What Is Technical Analysis?
Technical Analysis is the discipline of analyzing past price action and volume to forecast future price movement. It's based on three core premises:
1. Price discounts everything. All known information is reflected in the current price. 2. Price moves in trends. Trends persist until they don't. 3. History tends to repeat. Patterns recur because human psychology is consistent.
Technical analysts use charts, indicators (RSI, MACD, moving averages), patterns (head and shoulders, flags), and support/resistance levels to identify trading opportunities.
Strengths: Works across all asset classes and timeframes. Provides specific entry, stop, and target levels. Doesn't require accounting expertise.
Weaknesses: Sample bias (winning examples are remembered, losing ones forgotten). Self-fulfilling at major levels but unreliable in noise.

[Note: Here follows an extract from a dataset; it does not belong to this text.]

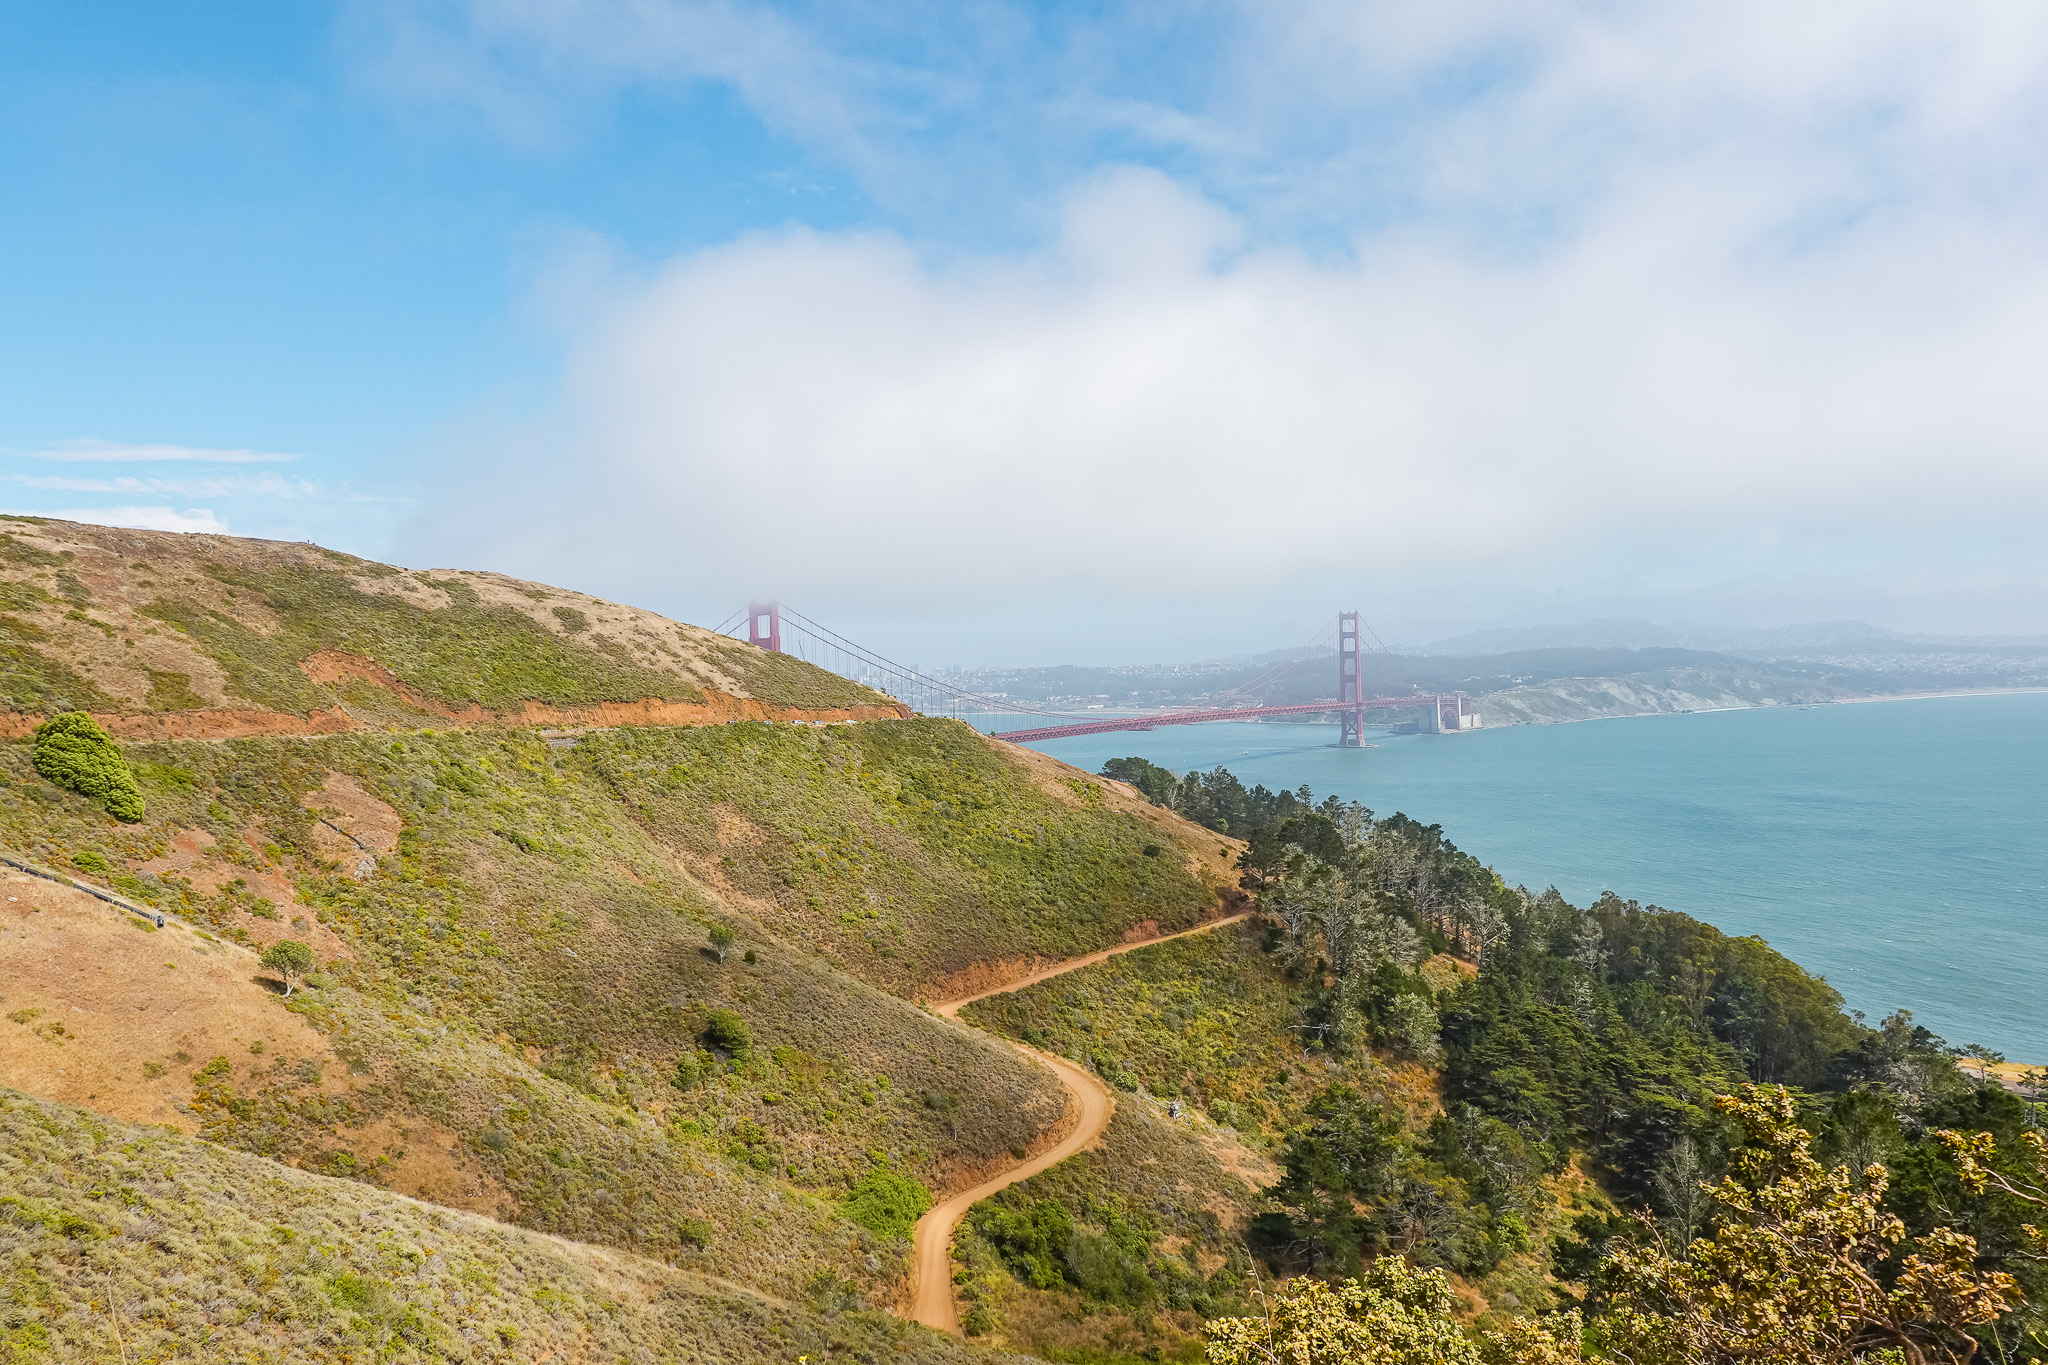 Epic views in San Francisco of Golden Gate Bridge

Often fails at major fundamental inflection points.
The academic consensus is skeptical — most empirical studies find limited predictive power. However, in practice, many profitable traders use technicals successfully, suggesting the skill is in selection and execution rather than in indicators themselves.
Related terms
- Fundamental Analysis — Evaluating an asset's intrinsic value based on financial and economic factors.
- Trend — The general direction of price movement over a period — uptrend, downtrend, or sideways.
- Support and Resistance — Price levels where buying or selling pressure historically halts price movement.